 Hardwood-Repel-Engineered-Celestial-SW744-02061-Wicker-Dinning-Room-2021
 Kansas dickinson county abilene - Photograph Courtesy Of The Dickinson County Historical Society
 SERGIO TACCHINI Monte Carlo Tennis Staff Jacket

----------

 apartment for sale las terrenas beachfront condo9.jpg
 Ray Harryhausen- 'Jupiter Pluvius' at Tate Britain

----------

_What to do_. Copy out each line of the data above, exactly, if it lies between the line holding "Kansas dickinson county" and the line holding "SERGIO TACCHINI Monte", inclusive; copy no other line.

_Answer box_.
 Kansas dickinson county abilene - Photograph Courtesy Of The Dickinson County Historical Society
 SERGIO TACCHINI Monte Carlo Tennis Staff Jacket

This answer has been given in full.